На следующий день направились к Маланье Федурцевой, и застали дома. Она только что вернулась из магазина, с «утренней прогулки», – как она называла подобные отлучки из дома. Жила она одна в двухкомнатной квартире, на пенсии. Жила на старости лет в полном довольствии, и для себя. Одно лишь её порой донимало – это скука. Но и с ней она нашла метод профилактики, – уходила к дочери, когда позабавиться с внуками, когда «попить» кровь из их родителей. А больше придавалась телевизору. Хвала и почтение его создателям! Сколько он сохранил нервов, спас жизней, оградил от тёщ и свекровей… А скольким раскрыл кругозор и поднял интеллект до уровня политического обозревателя?.. Теперь, почитай, ни одно застолье не возможно без этого равноправного члена домашнего коллектива.
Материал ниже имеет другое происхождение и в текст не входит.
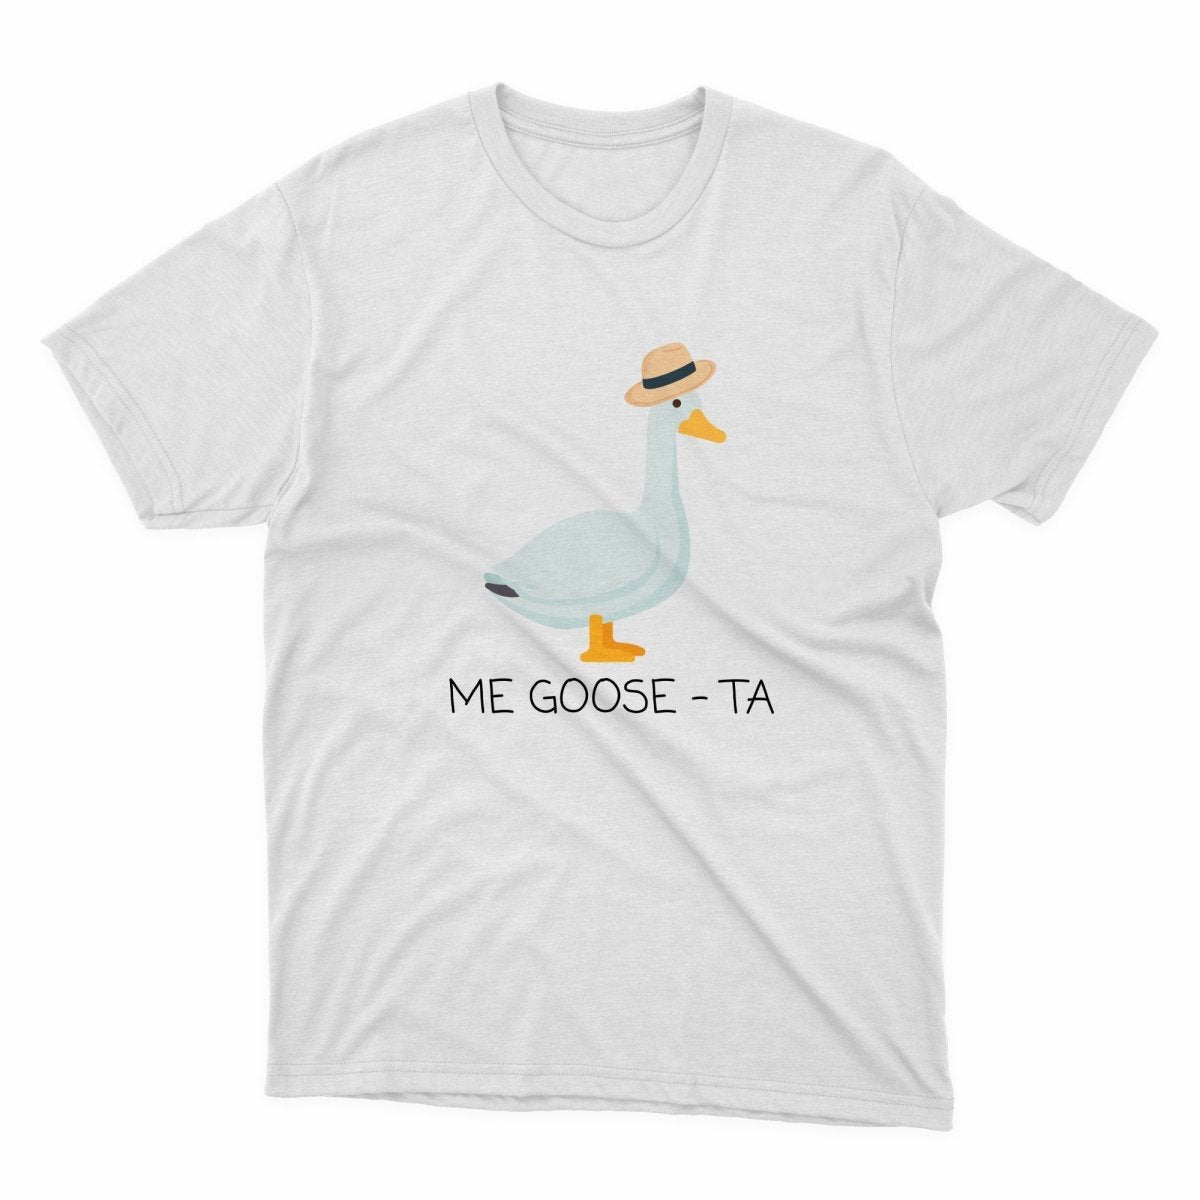 Me Goose Ta Shirt - stickerbullMe Goose Ta ShirtShirtsPrintifystickerbull74154189053434863924WhiteSa white t - shirt with a duck wearing a hat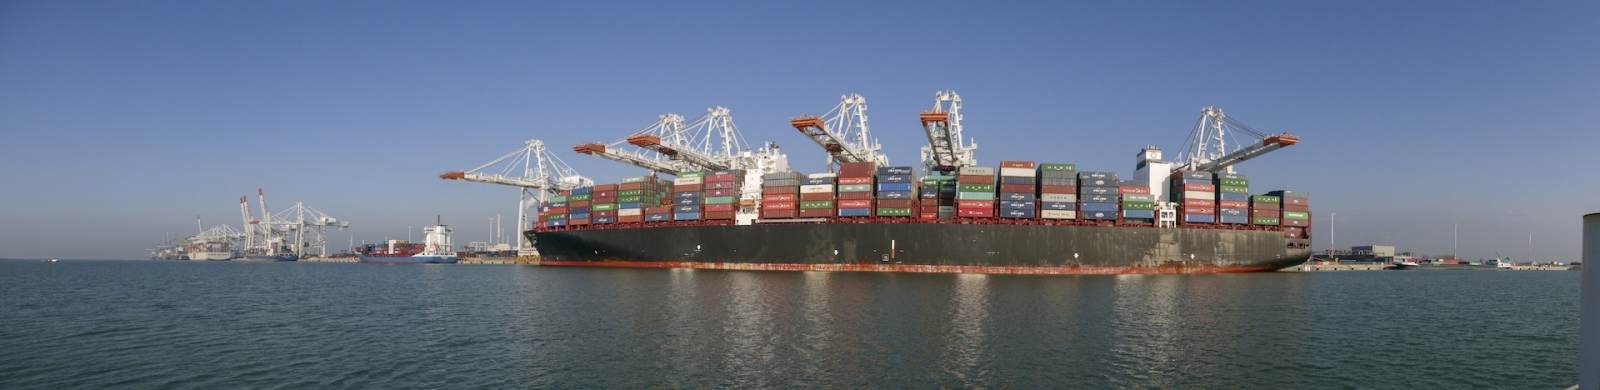 cargo-citerne au port du Havre pour mise en ligne

Ни один шкаф, поди, не раз потемнел от зависти к этому квадратному идолу. Мало быть большим, вместительным, надо быть шумовоспроизводящим (но не скрипучим), говорящим, с проволочками, с дорожками и с микросхемами внутри, а не напичканным дорогими платьями, рубахами, даже шубами. Заменяющий человеку сон, тепло, холод, порой – разум, и позволяющий жить в зазеркалье. И Маланья Федурцева была на гребне всей кипучей жизни страны, понимала всё с полуслова диктора, с полувгляда репортера. В момент ориентировалась в политических и житейских перипетиях. Оттого была категорична в оценках её не устраивающих. Это была женщина шестидесяти лет, среднего роста, полногрудая, солидная, с широким розовощеким лицом. Её масса, как и слова, подавляли своим весом.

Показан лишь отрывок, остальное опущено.